000000, "cpu0.p_system"=>2.000000, "cpu1.p_cpu"=>14.000000, "cpu1.p_user"=>11.000000, "cpu1.p_system"=>3.000000}]
Feb 21 10:38:06 td-agent-bit: [2020/02/21 10:38:06] [debug] [out_es] HTTP Status=400 URI=/_bulk
Feb 21 10:38:06 td-agent-bit: [2020/02/21 10:38:06] [debug] [retry] new retry created for task_id=2 attemps=1
Feb 21 10:38:06 td-agent-bit: [2020/02/21 10:38:06] [ warn] [engine] failed to flush chunk '9843-1582281482.1391136.flb', retry in 8 seconds: task_id=2, input=cpu.0 > outpu
t=es.1
Here is our tf-agent config file:
``
[INPUT]
Name cpu
Tag cpu.local
# Interval Sec
# ====
# Read interval (sec) Default: 1
Interval_Sec 1
[OUTPUT]
Name stdout
Match *
[OUTPUT]
Name es
Match *
Host vpcXXXXX.es.amazonaws.com
Port 443
index ec2-test-index
Logstash_Format On
Retry_limit 1
Type _doc
Replace_dots On
Logstash_Prefix tf-res-test-ec2
Time_Key @timestamp
HTTP_user es-access-user
HTTP_Passwd **
tls "on"
tls_verify on
tls.debug 1
``
Hello
In my case it was just edit the name of the record from "log" to "log_message" and it works fine, btw you can debug the error by generating the json by adding another output (file) and sending manually the json with a XPOST request to the ES server.
Thanks for the comment
For reference my above error for HTTP Status=400:
tls "on" was the culprit. es was rejecting the request because of this
changed it to remove quotes and worked.
tls on
Hi I can't remember what the problem was nor how I fixed it, but this issue was more about the lack of a descriptive message describing why it failed, not the particular (syntax?) problem that was causing that error.

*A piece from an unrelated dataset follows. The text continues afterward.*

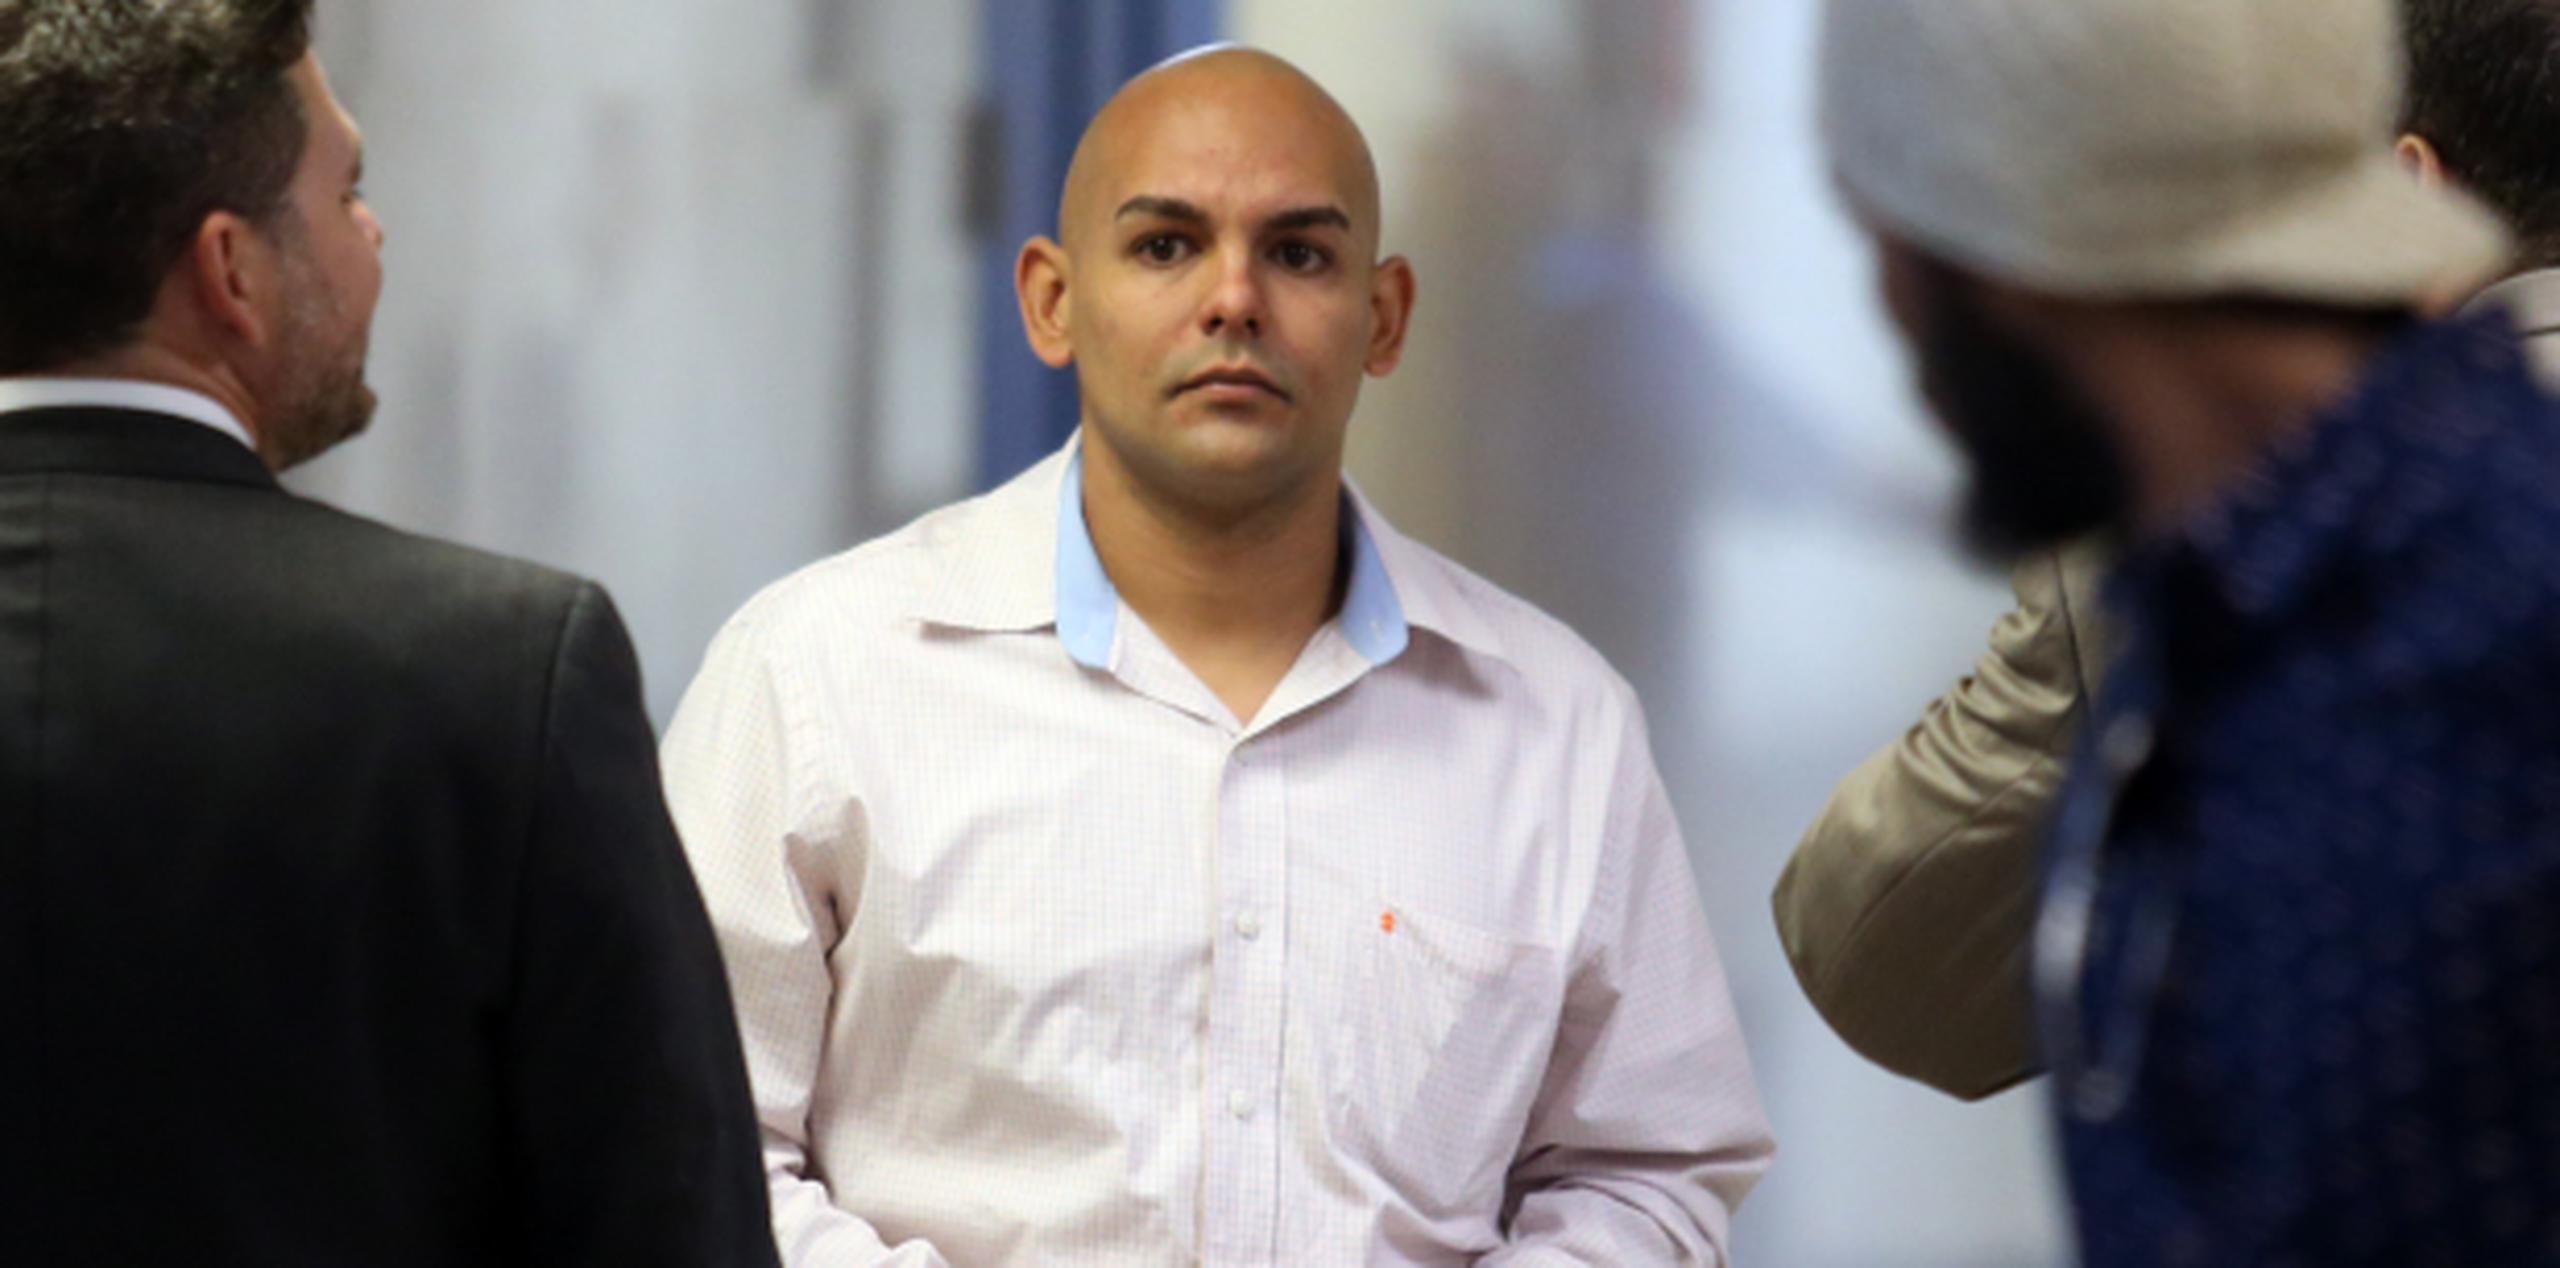 Rivera Pagán, de 36 años, y otros dos policías estatales enfrentan cargos por supuestamente secuestrar y robar dinero a un ciudadano dominicano. (juan.martinez@gfrmedia.com)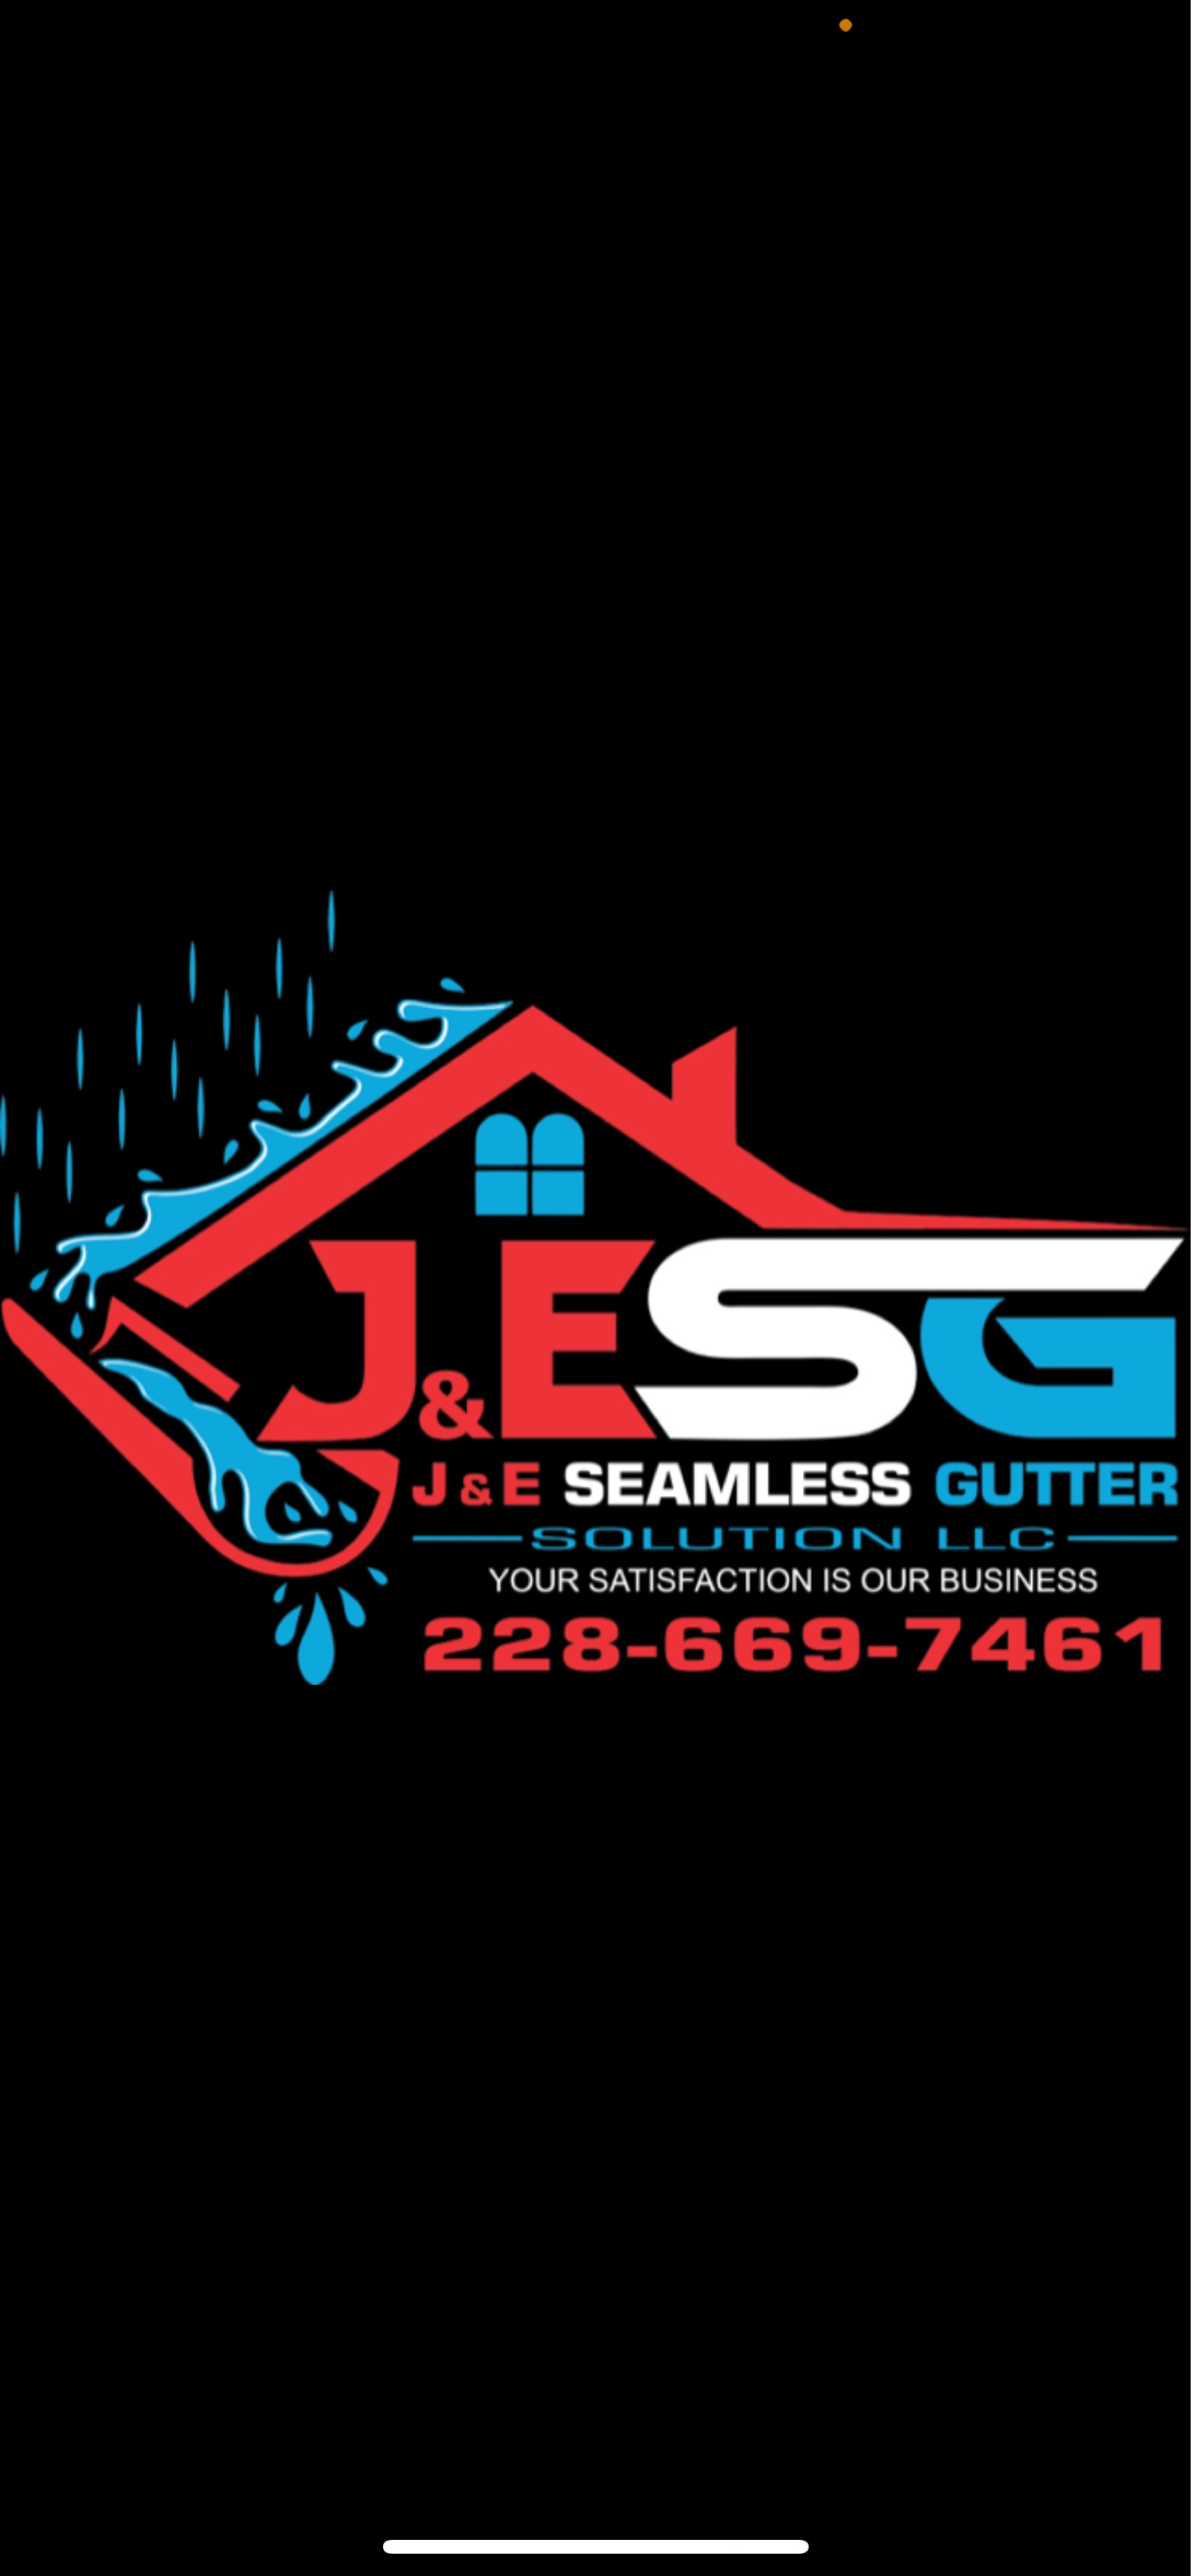 A-1 Seamless Gutter Solutions, LLC Logo

@edsiper being bitten again by this (lack of verbosity)... can we have some input from you?
A bit more verbosity would be nice. Logging in to a file and check the error message from ES manually as ntdetect mentioned feels a bit dirty to my.
Most helpful comment
Hi I can't remember what the problem was nor how I fixed it, but this issue was more about the lack of a descriptive message describing why it failed, not the particular (syntax?) problem that was causing that error.